#### Collected material
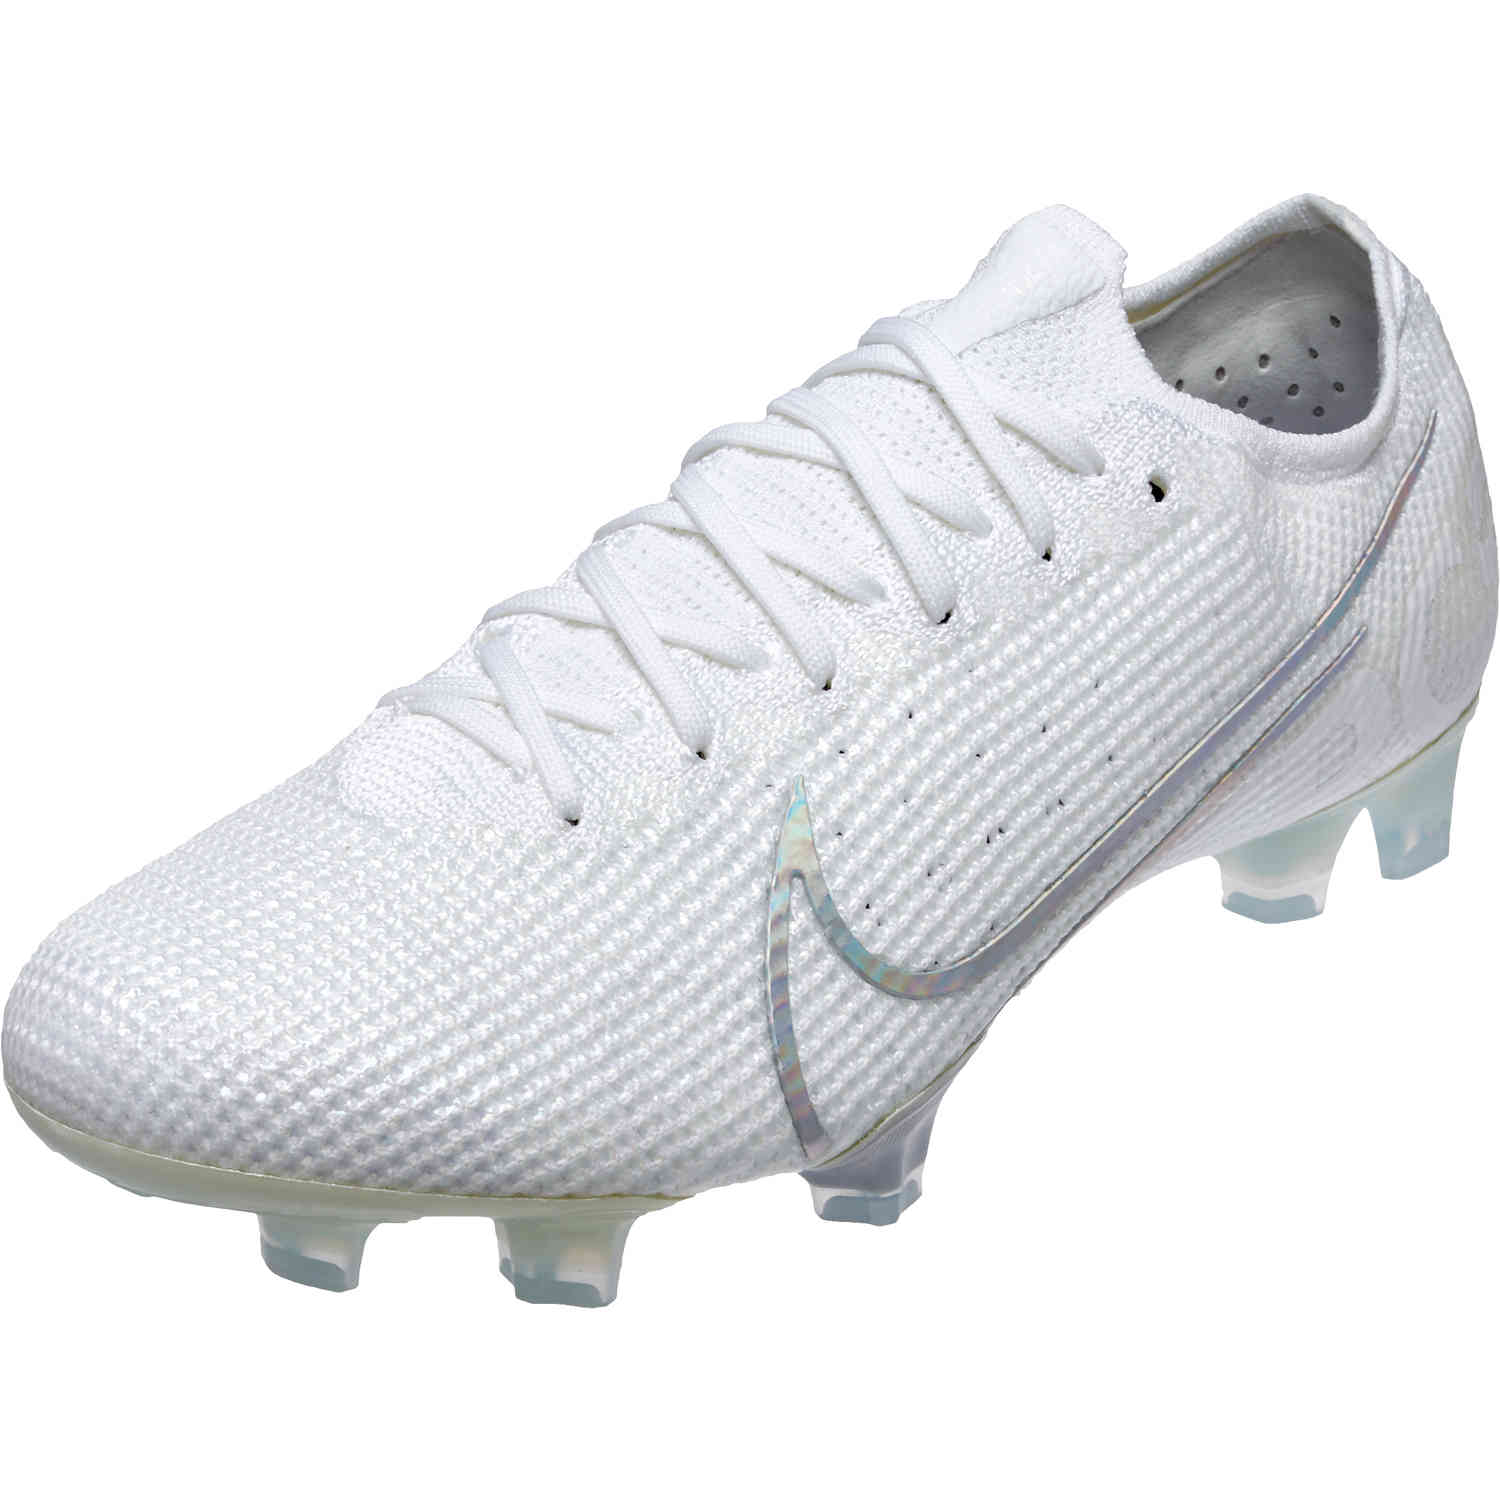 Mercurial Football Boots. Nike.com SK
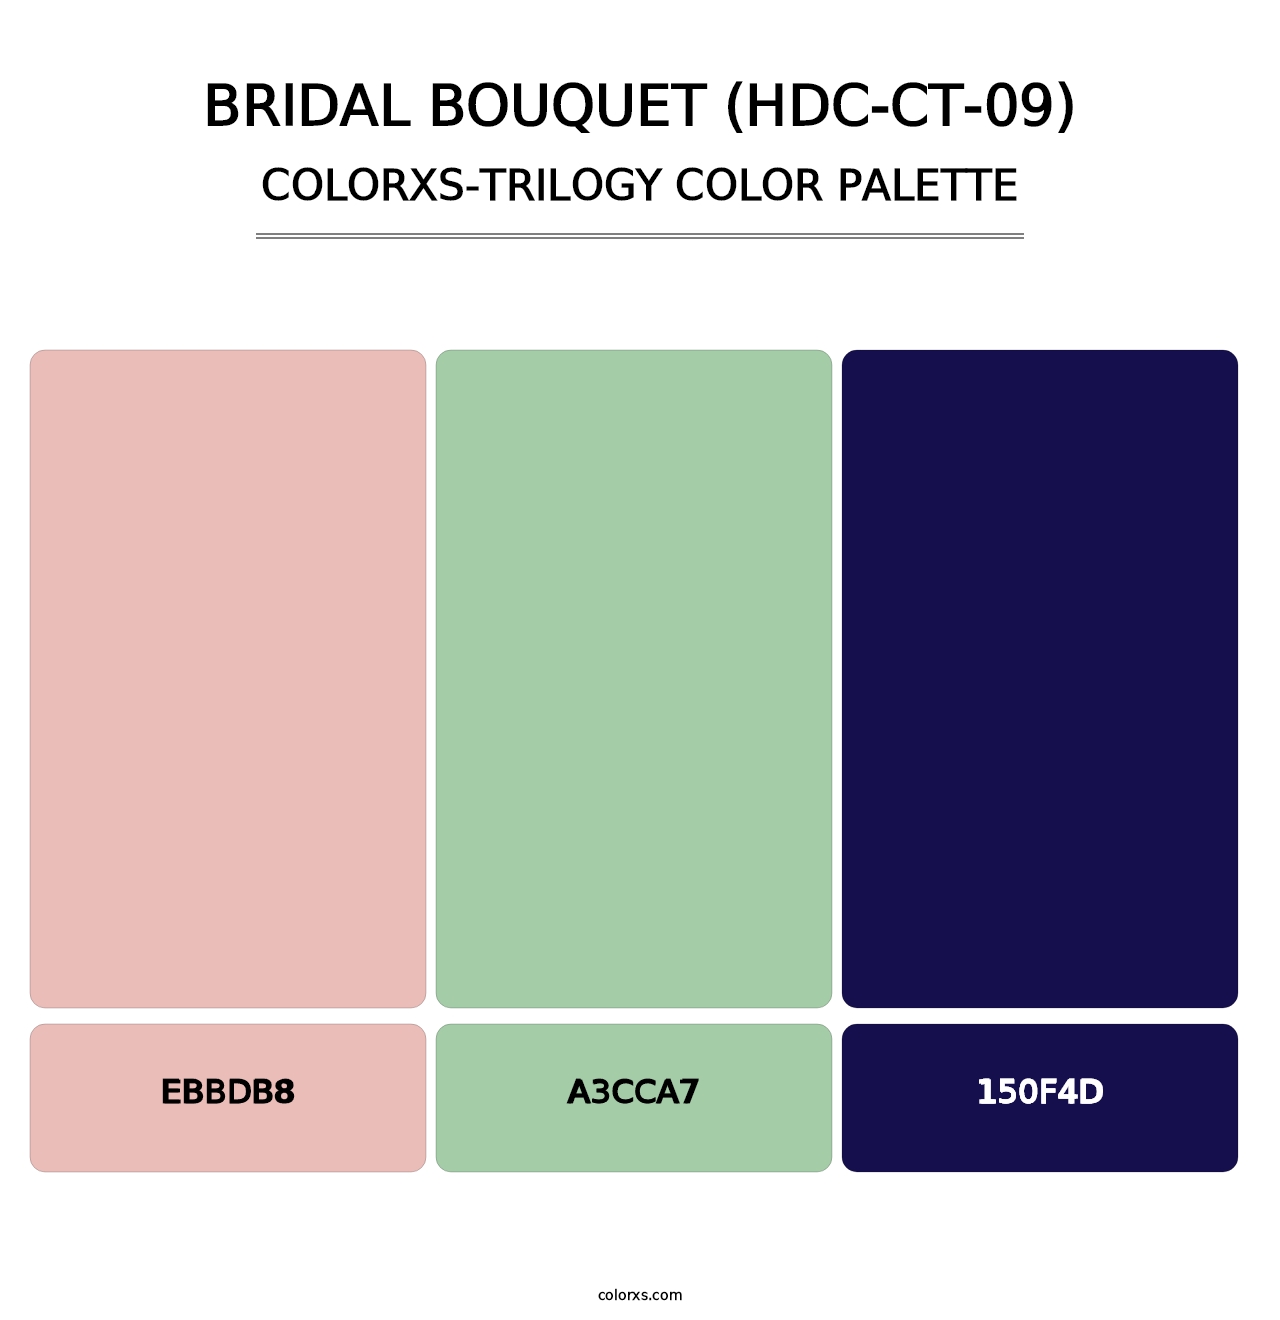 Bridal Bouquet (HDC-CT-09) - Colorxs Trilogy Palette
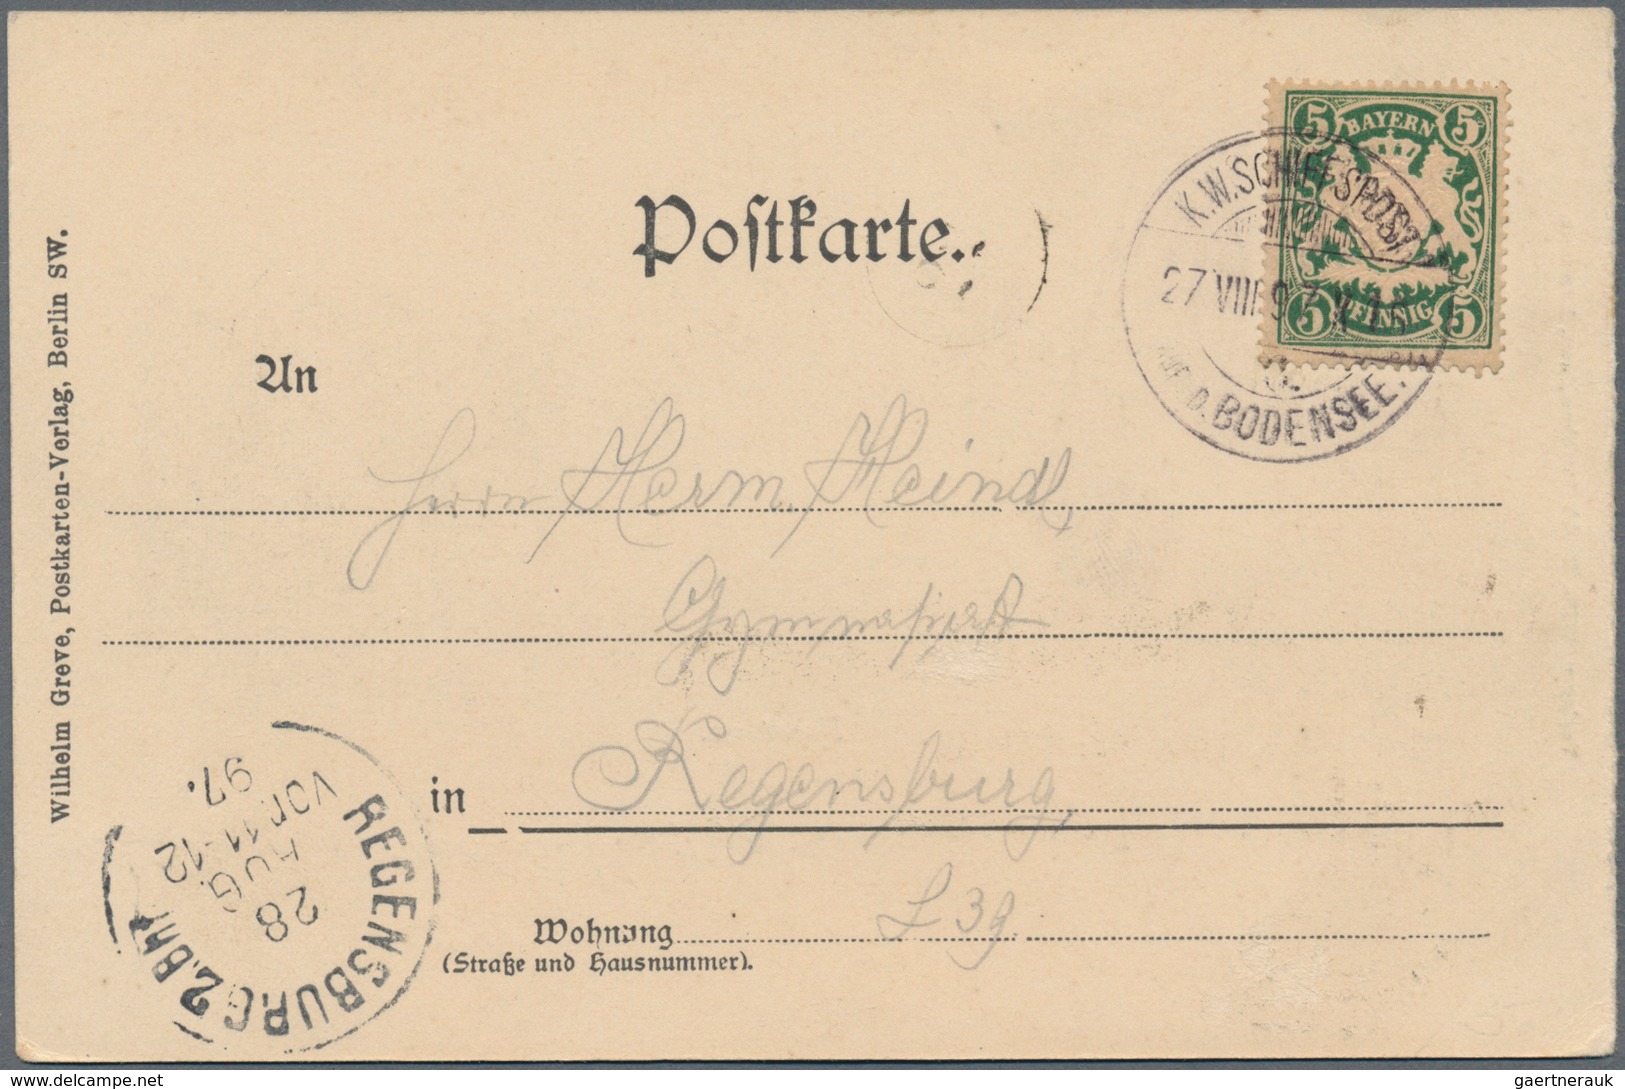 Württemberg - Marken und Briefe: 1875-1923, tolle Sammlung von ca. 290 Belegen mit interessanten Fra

#### What you have to do
Reproduce the whole listing exactly, but not the images in it.

#### Answer to the exercise
 Mercurial Football Boots. Nike.com SK
 Bridal Bouquet (HDC-CT-09) - Colorxs Trilogy Palette
 Württemberg - Marken und Briefe: 1875-1923, tolle Sammlung von ca. 290 Belegen mit interessanten Fra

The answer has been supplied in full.